We can use ReaderFlags and WriterFlags to control optional behaviour, such as ignoring comments:

from yyjson import Document, ReaderFlags

Document('''{
    // Comments in JSON!?!?
    "a": 1
}''', flags=ReaderFlags.ALLOW_COMMENTS)

We can also allow serializing and parsing Infinity and NaN:

from yyjson import Document, ReaderFlags

Document('{"a": Infinity}', flags=ReaderFlags.ALLOW_INF_AND_NAN)
Document({'a': float('inf')})

We can ignore trailing commas:

from yyjson import Document, ReaderFlags

Document('{"a": 1,}', flags=ReaderFlags.ALLOW_TRAILING_COMMAS)

And of course we can combine any of these options:

from yyjson import Document, ReaderFlags

Document(
  '{"a": Infinity,}',
  flags=ReaderFlags.ALLOW_INF_AND_NAN | ReaderFlags.ALLOW_TRAILING_COMMAS
)

There are several other feature flags, so check them out in the documentation.

JSON Pointers

We can use JSON pointers to access just part of a document. When we do this, we avoid creating Python objects entirely, except for just the part that matches. This can be a huge performance win when you only care about a small part of a large document.

from pathlib import Path
from yyjson import Document

doc = Document(Path("canada.json"))
features = doc.get_pointer("/features")

We can also use JSON pointers to pluck out just part of a document for serialization:

from yyjson import Document

doc = Document({'results': {'count': 3, 'rows': [55, 66, 77]}})
print(doc.dumps(at_pointer='/results/rows'))

This would result in a serialized JSON string containing just [55, 66, 77].

JSON Patch (RFC 6902) and JSON Merge-Patch (RFC 7386)

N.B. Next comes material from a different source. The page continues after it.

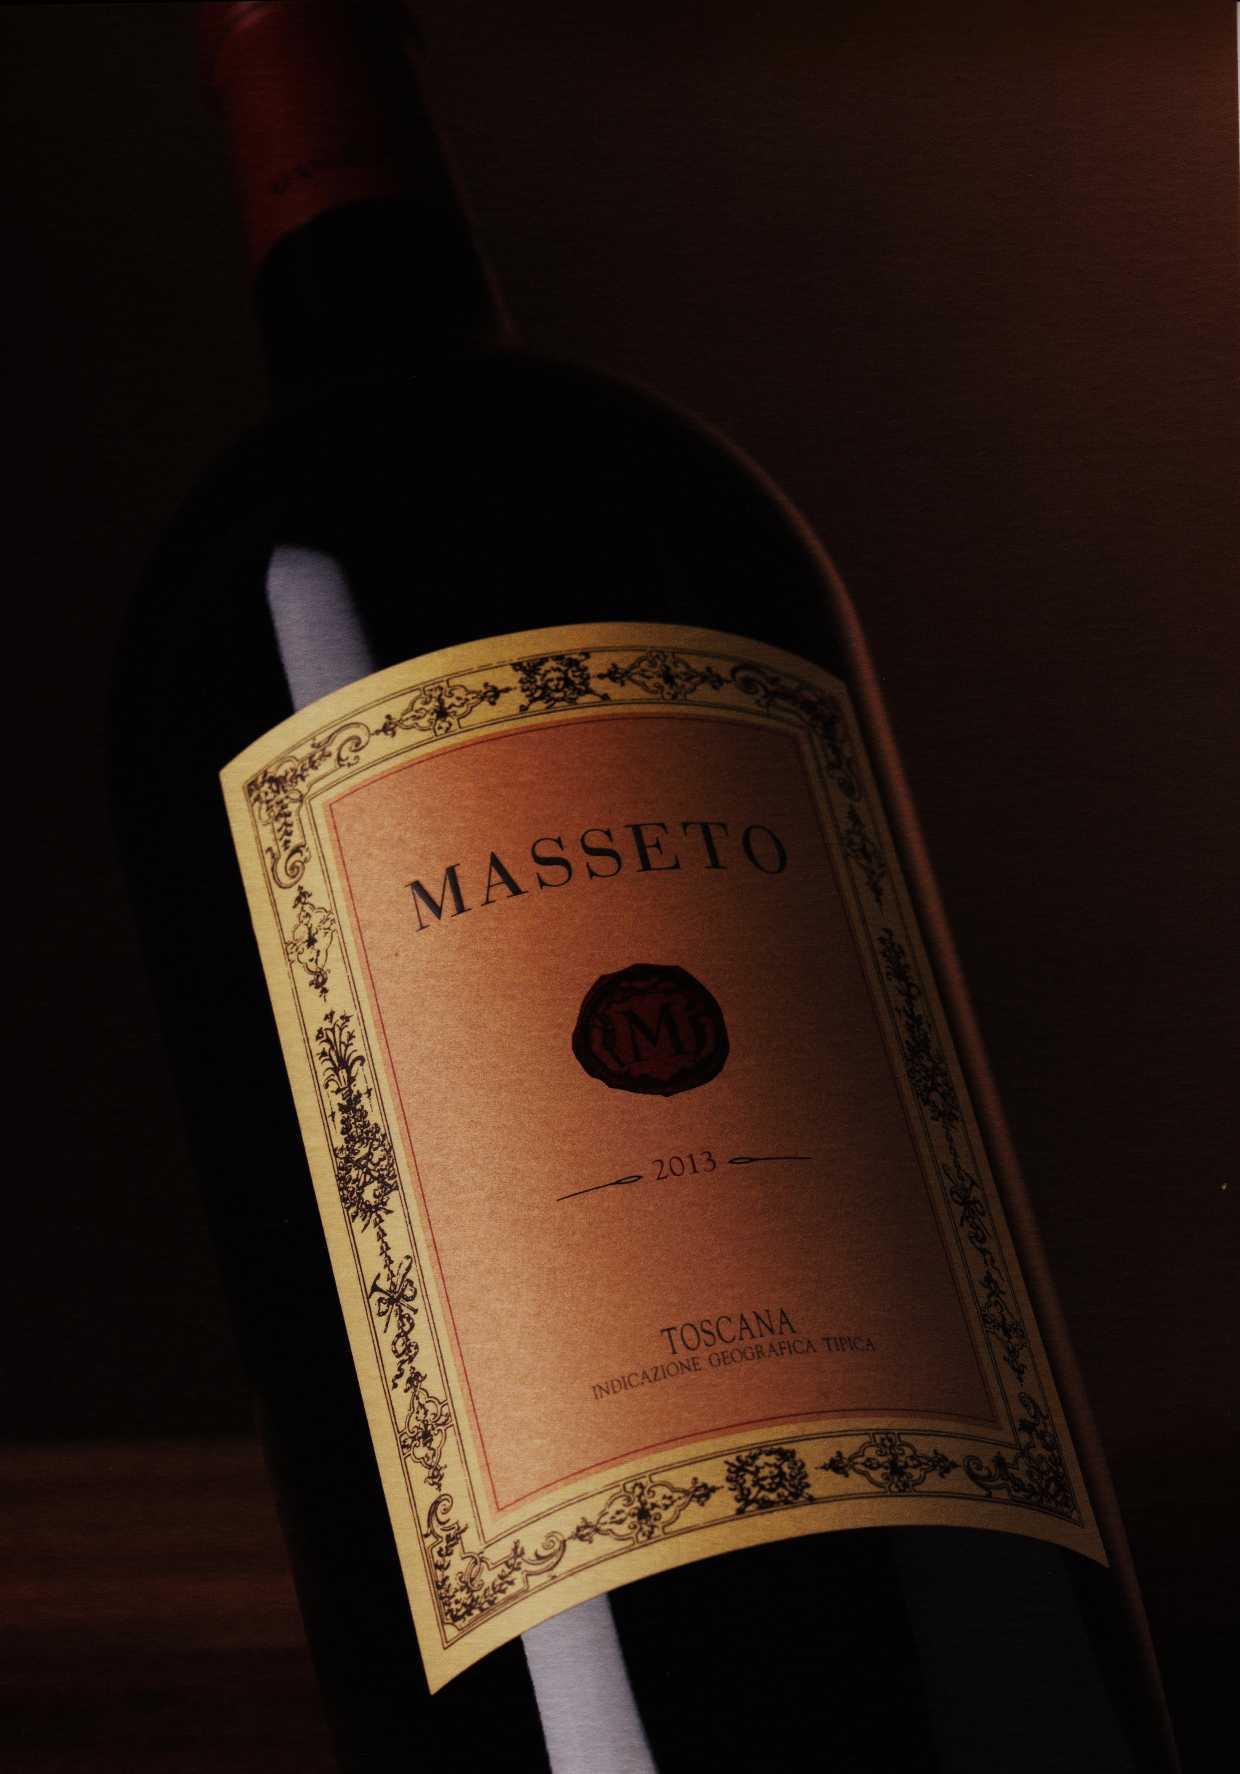 Masseto only for Boeucc Milan
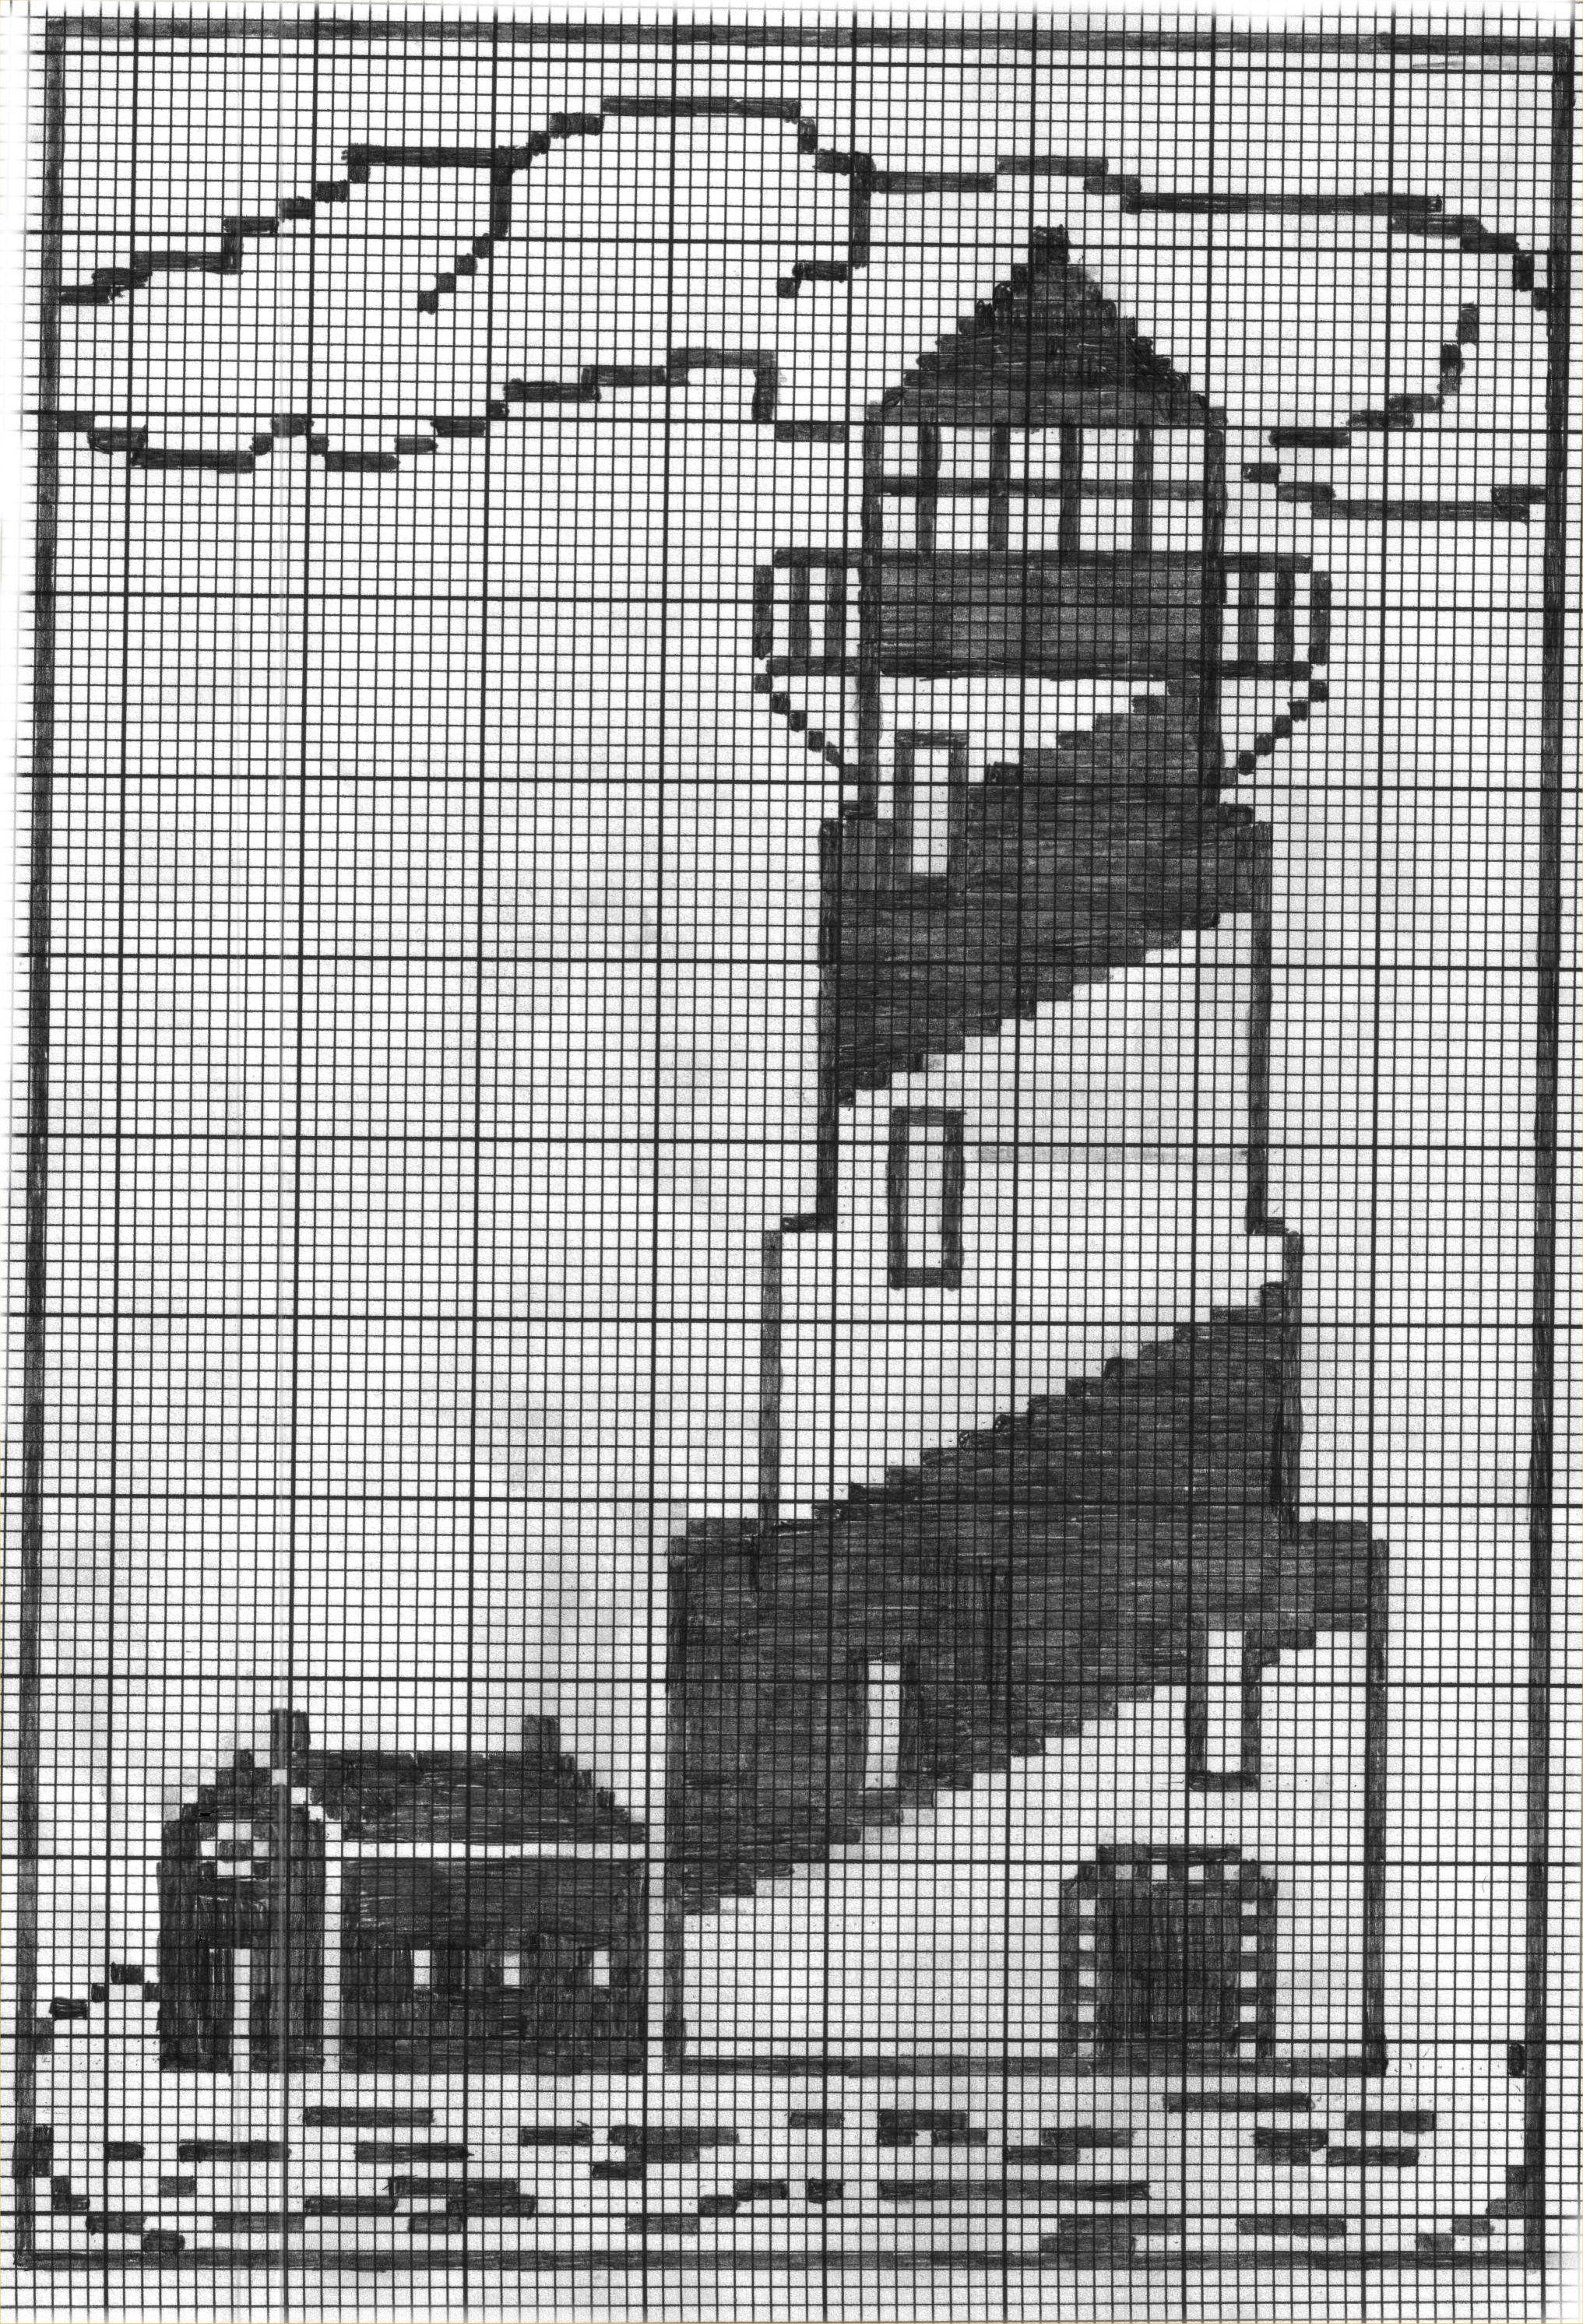 Leuchtturm | Leuchtturm gardine | Pinterest | Faro, Punto de cruz y ...

We aren't limited to just reading part of a document - we can modify just a small part of it as well. For example, we can take our large hypothetical canada.json document and add a new GeoJSON entry to the features list:

from pathlib import Path
from yyjson import Document

doc = Document(Path("canada.json"))
patch = Document([
    {'op': 'add', 'path': '/features/-', 'value': {
        'type': 'Feature',
        'geometry': {
            'type': 'Point',
            'coordinates': [1, 2],
        },
        'properties': {
            'name': 'New Feature',
        },
    }},
])
modified = doc.patch(patch)
print(modified.dumps())

This mutated the document entirely in its lower-level representation without creating any Python objects. If we wanted to use a merge-patch (RFC 7386) we could do that too, for example to replace the entire features list with a single entry:

from pathlib import Path
from yyjson import Document

doc = Document(Path("canada.json"))
patch = Document({
    'features': [{
        'type': 'Feature',
        'geometry': {
            'type': 'Point',
            'coordinates': [1, 2],
        },
        'properties': {
            'name': 'New Feature',
        },
    }],
})
modified = doc.patch(patch, use_merge_patch=True)
print(modified.dumps())

Both the JSON Patch and JSON Merge-Patch implementations are the fastest of any Python library I could find.

Conclusion

py_yyjson isn't the fastest JSON parser in every situation, but it tends to either tie or beat the fastest parsers in most situations while supporting non-standard JSON, it's lightweight with no dependencies, and it's highly portable. Unlike most (all?) other Python JSON libraries, it also allows you to manipulate JSON documents without ever creating Python objects, which can be a huge performance win.

If you're looking for a fast, flexible, and correct JSON parser for Python, give py_yyjson a try. It's brand new and reasonably well tested, but if you manage to break it please open an issue.